Description of the task:
Print the data exactly as written, line for line, and leave its pictures behind.

Supplied data:
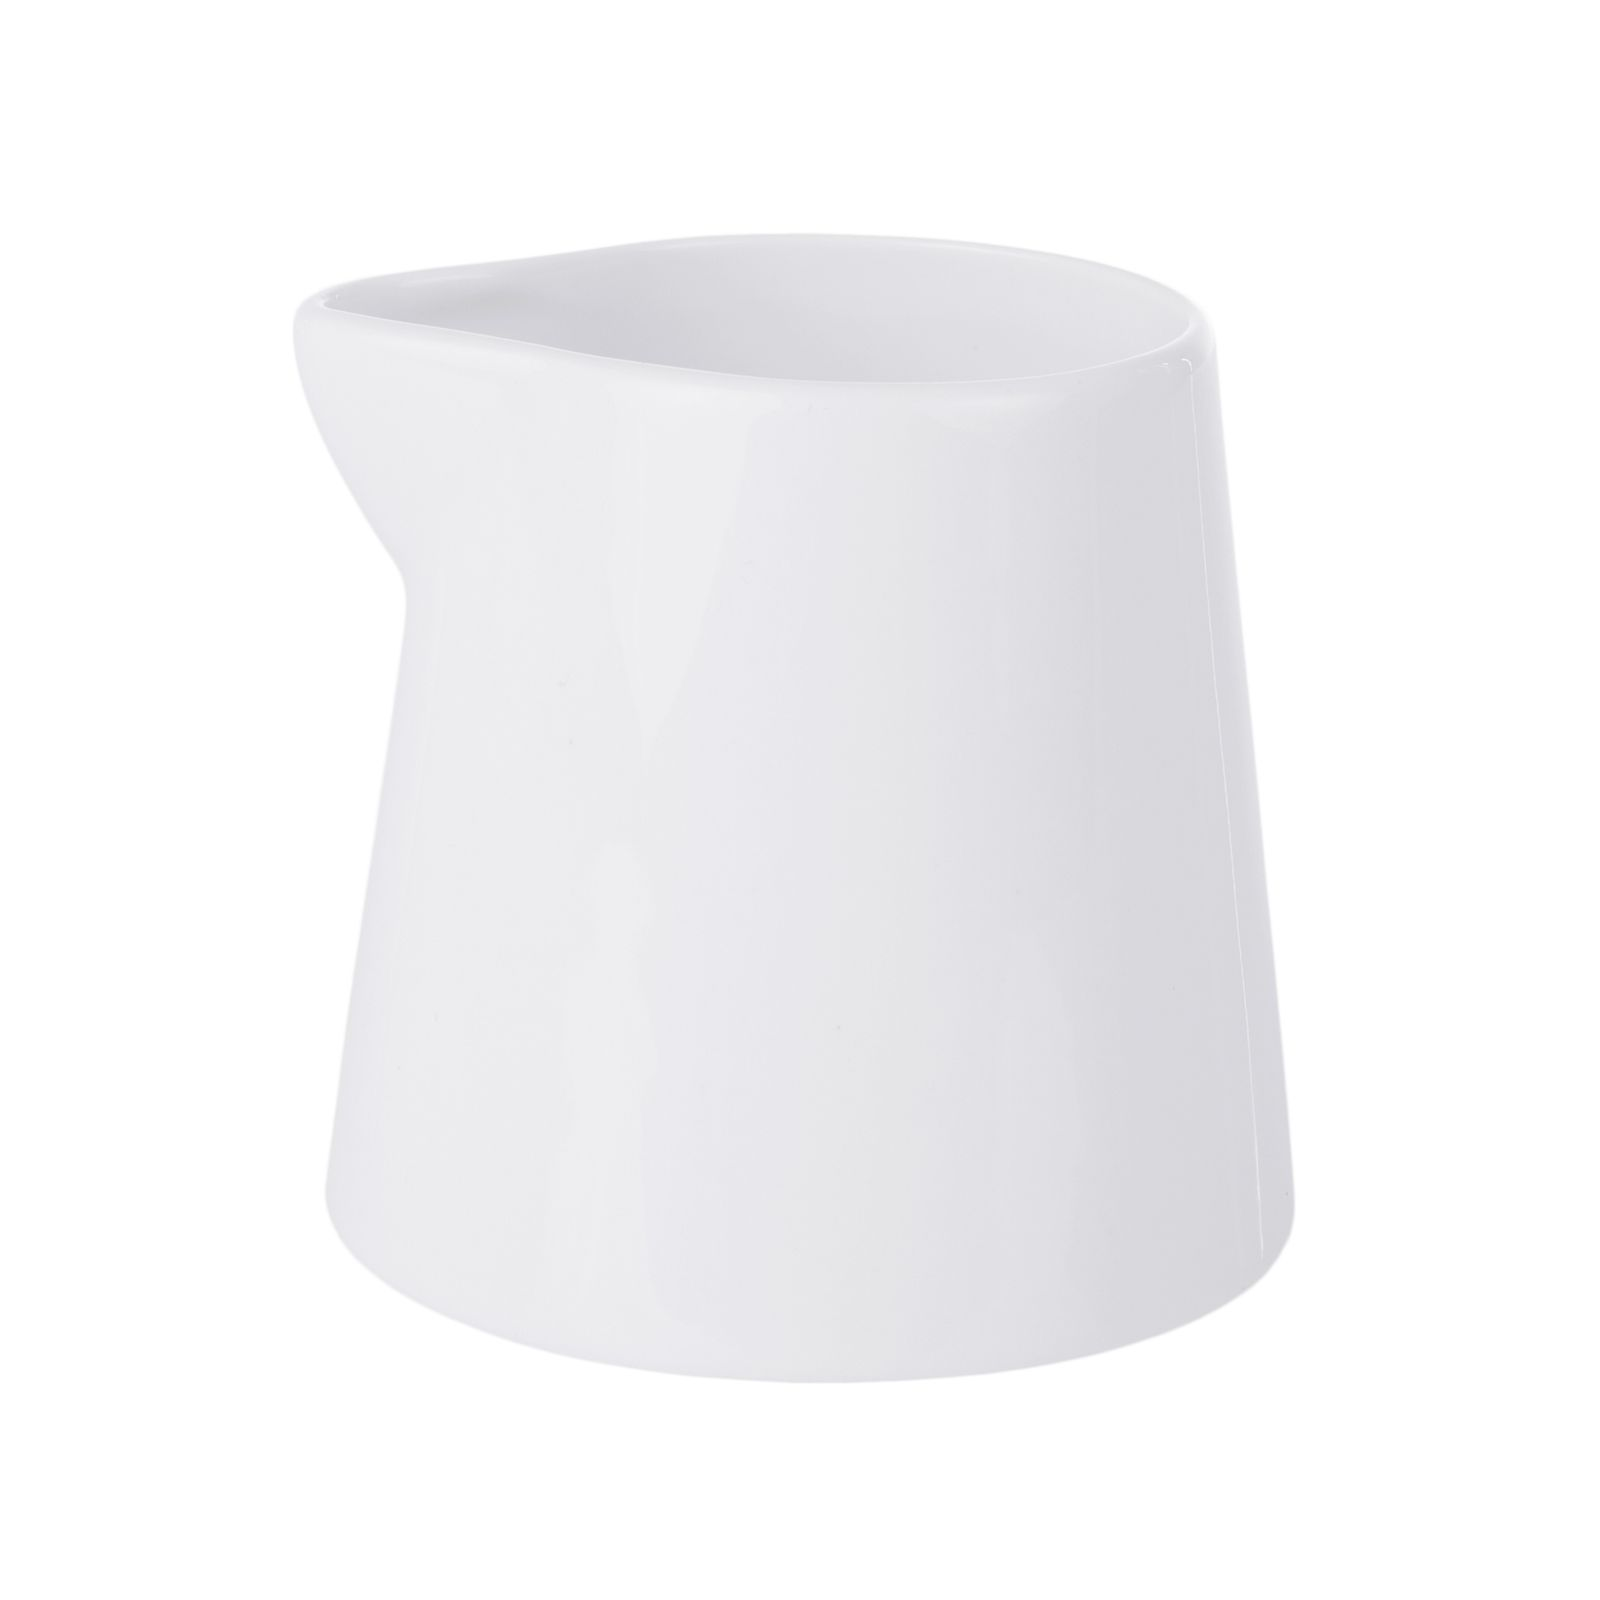 Milk jug Wave / Kubiko 130 ml AMBITION
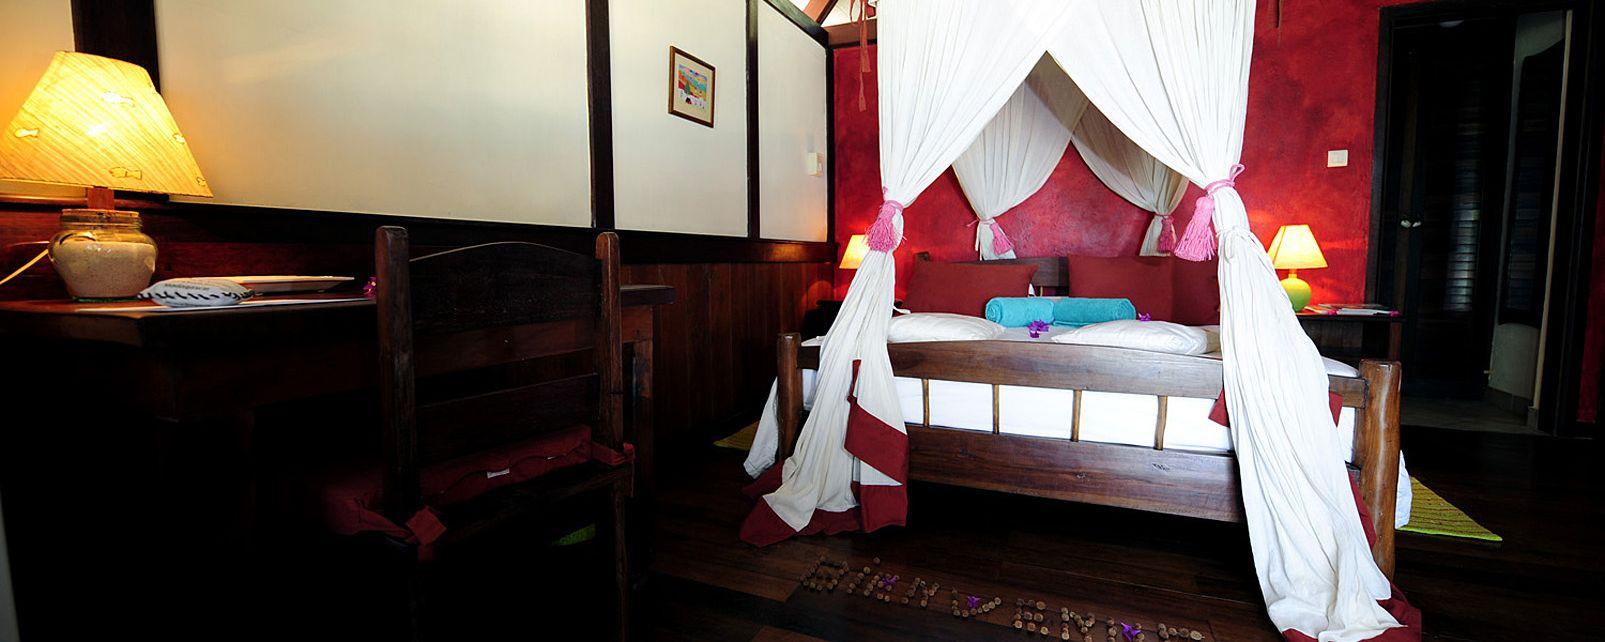 Hotel Tsarabanjina lhôtel
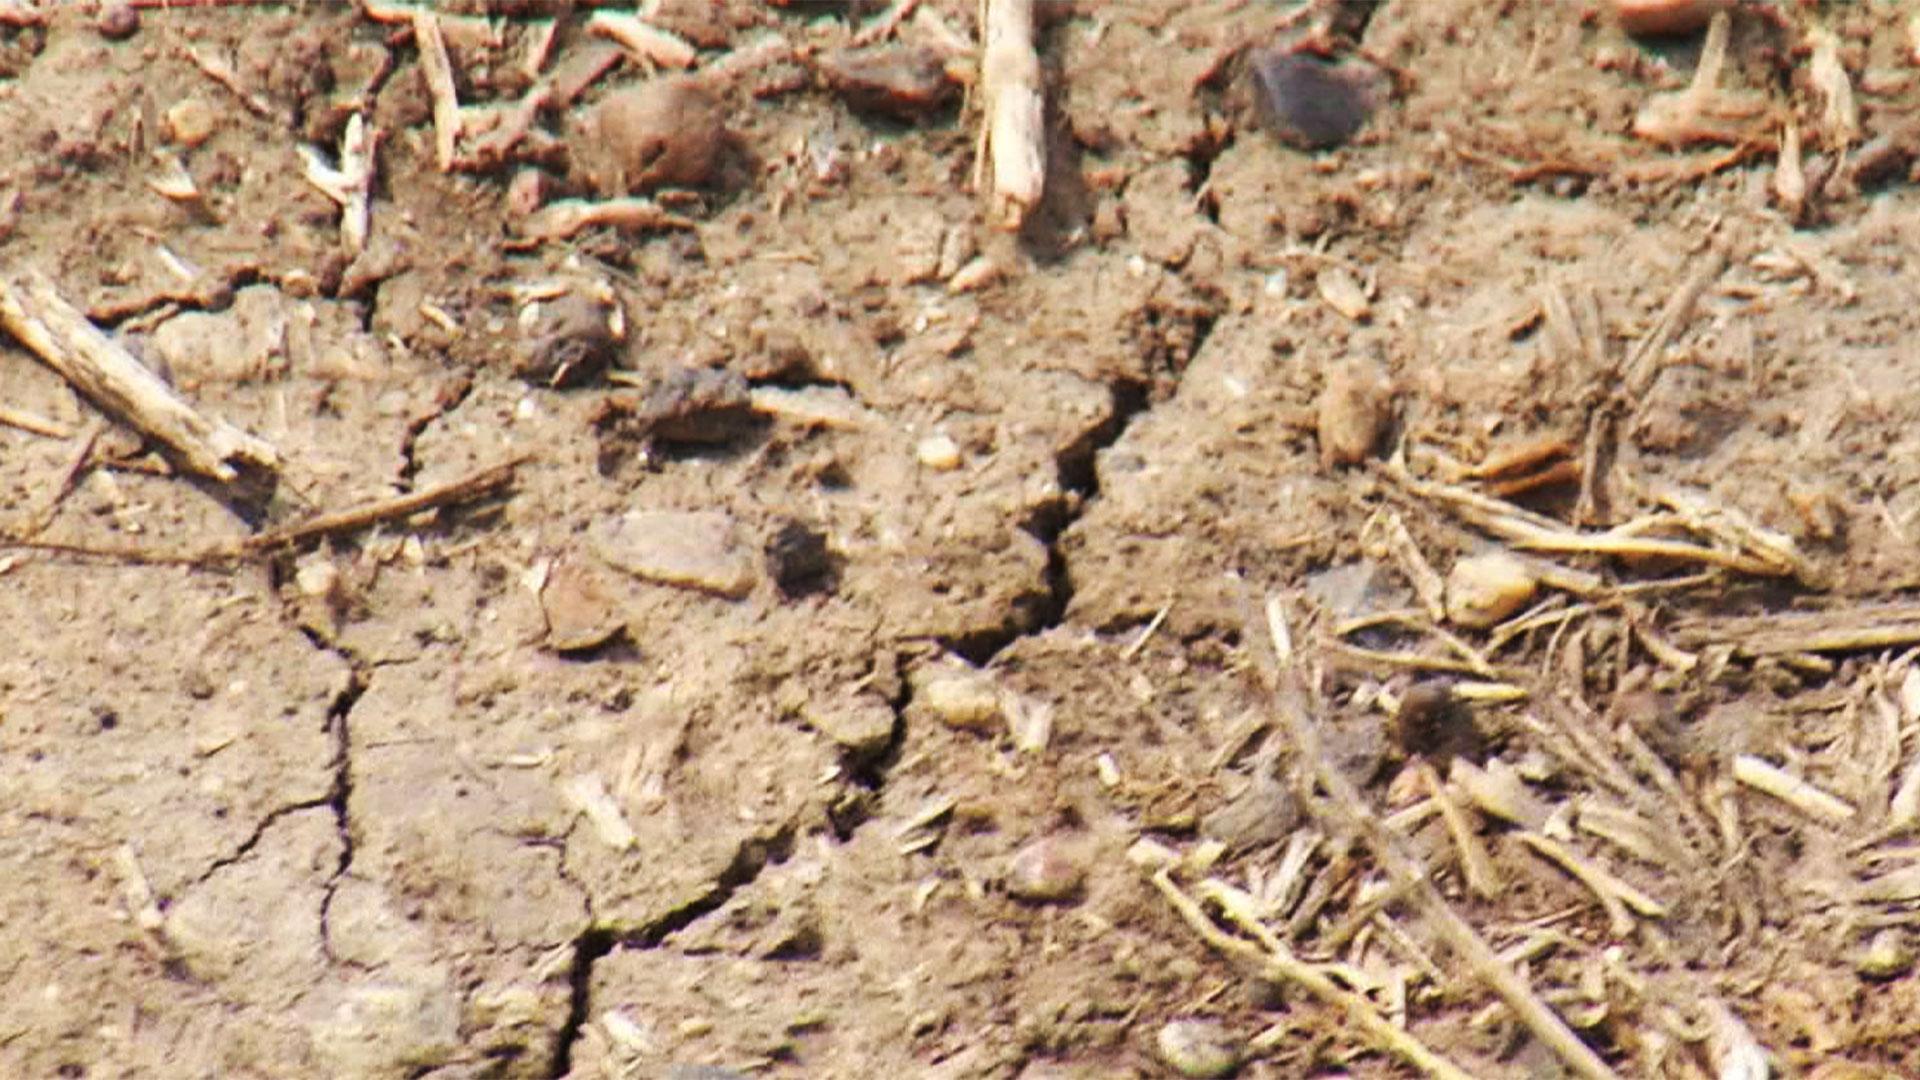 KELO South Dakota drought dry conditions dirt
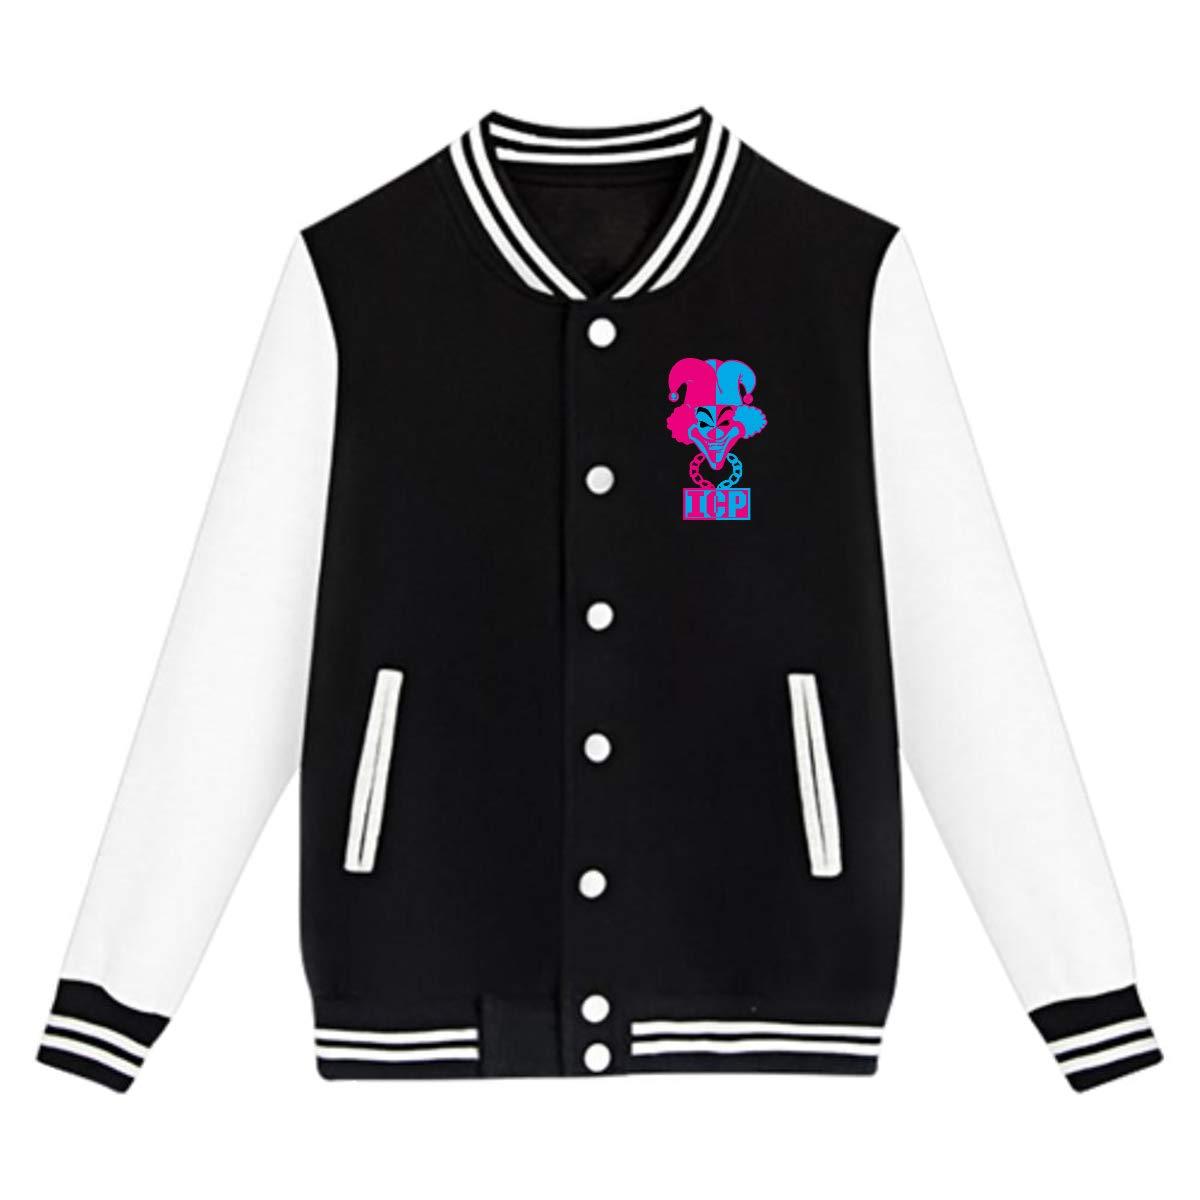 LIALUER Hatchetman ICP Boys Kids Baseball Uniform Jacket Coat Sweater

Response to the exercise:
 Milk jug Wave / Kubiko 130 ml AMBITION
 Hotel Tsarabanjina lhôtel
 KELO South Dakota drought dry conditions dirt
 LIALUER Hatchetman ICP Boys Kids Baseball Uniform Jacket Coat Sweater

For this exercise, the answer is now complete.